With the large amount of data available and thanks to speed and storage technologies, Artificial Intelligence is increasingly strong and present in several areas. Then, the use of machine learning techniques grew in order to obtain insights from this data. These models are applied in several areas, such as economics, for the performance of a stock in the stock market, in banking, in e-commerce, determining whether a customer will like the product or not, in health, as is done in the present work with digital epidemiology. But models with this kind of approach are black boxes, that is, they are not intelligible to experts, because their goal is to correctly map inputs to outputs. Another type of approach using Artificial Intelligence is the one that uses hybrid models, i.e. it combines machine learning models with statistical models. By doing this they combine the advantages of each of these types of models in order to obtain a more robust prediction model. Another type of hybrid model is one that combines compartmental models and machine learning. With this approach the model does not have as good a prediction quality as machine learning based models; however, it can aid in human understanding of epidemiological aspects as phenomena, while machine learning based models can return accurate predictions, thus combining intelligent systems for accurate human learning emergent predictions. The use of all these approaches is very important to support us in temporal and spatio-temporal prediction of cases and deaths. For these solutions can shed light on strategies to assist decision-making by health managers.

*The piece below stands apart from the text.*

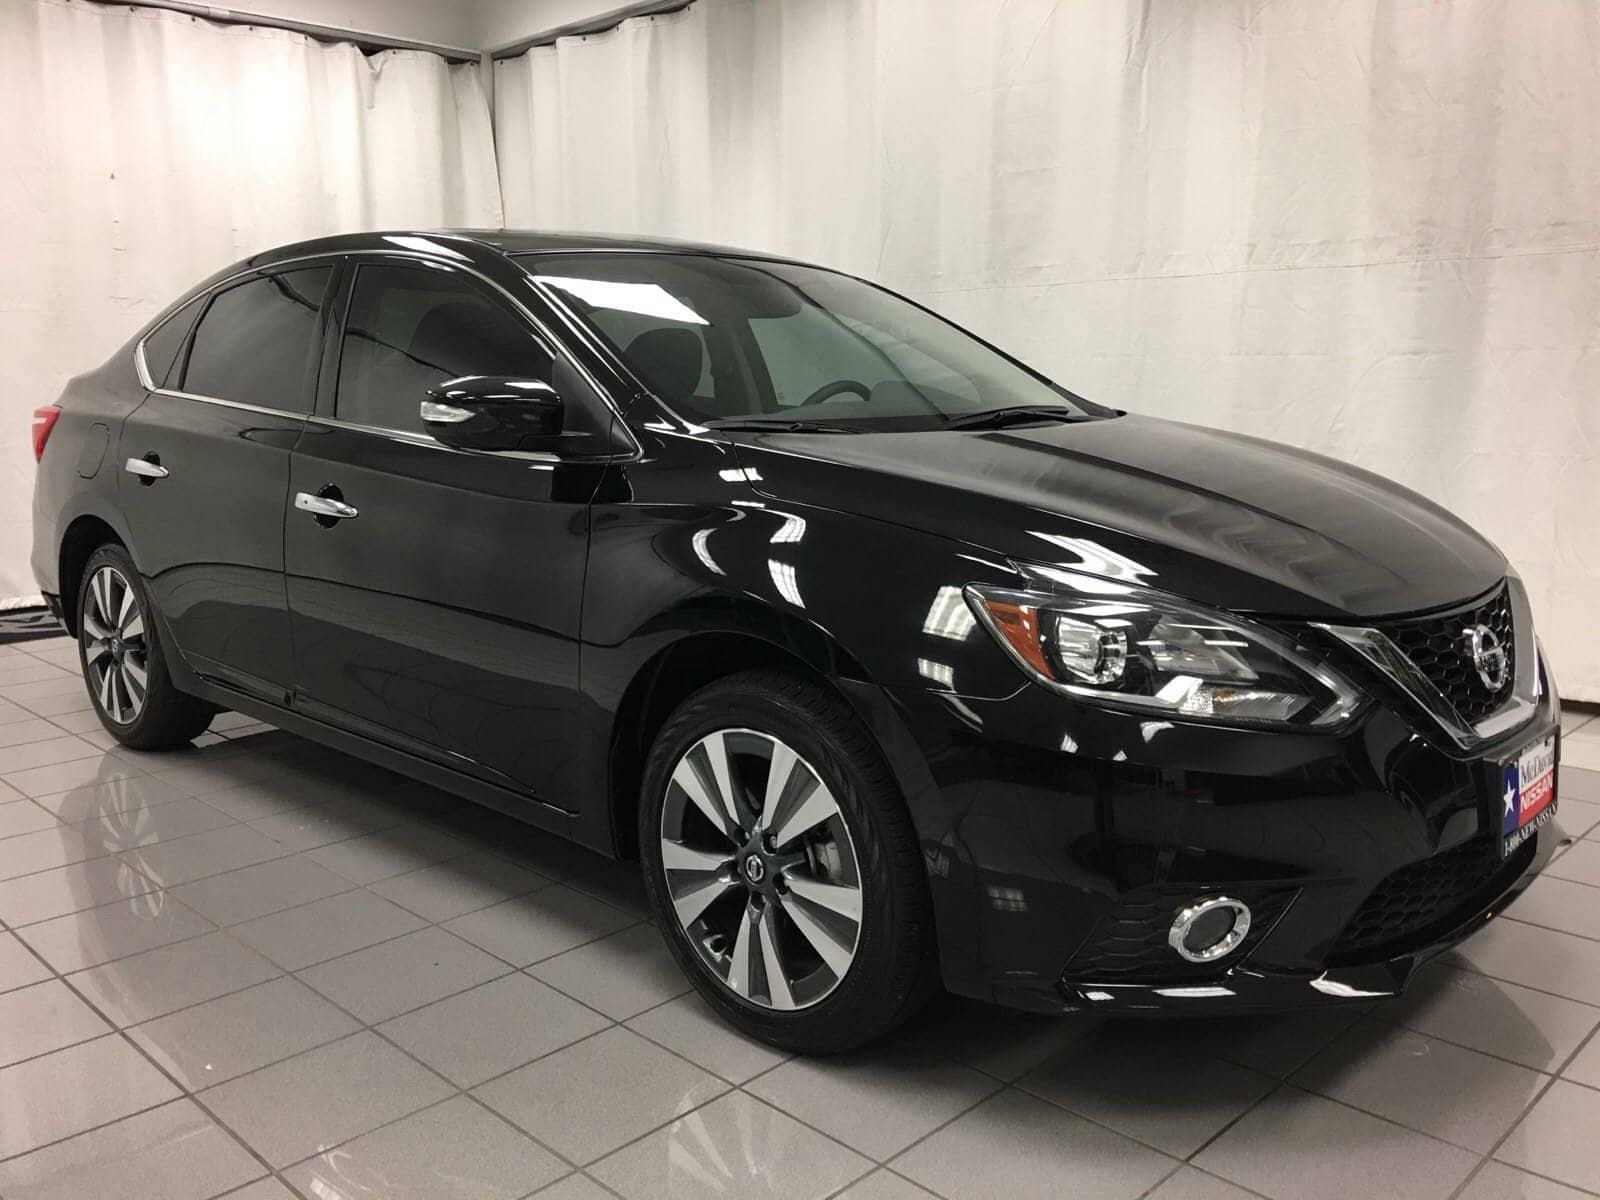 Photo Used 2018 Nissan Sentra For Sale at David McDavid Nissan  VIN 3N1AB7AP7JY238375

Finally, COVID-19 brings with it all the challenges of a new disease with only 1 year of existence, in facing this unknown, science makes use of all its arsenal. At this time when there is no extensive background to teach how the disease behaves, daily experience determines adjustments and creation of clinical protocols. Predicting the temporal and spatial behavior of COVID-19 through machine learning becomes a valuable tool to guide strategies, policies, and hope.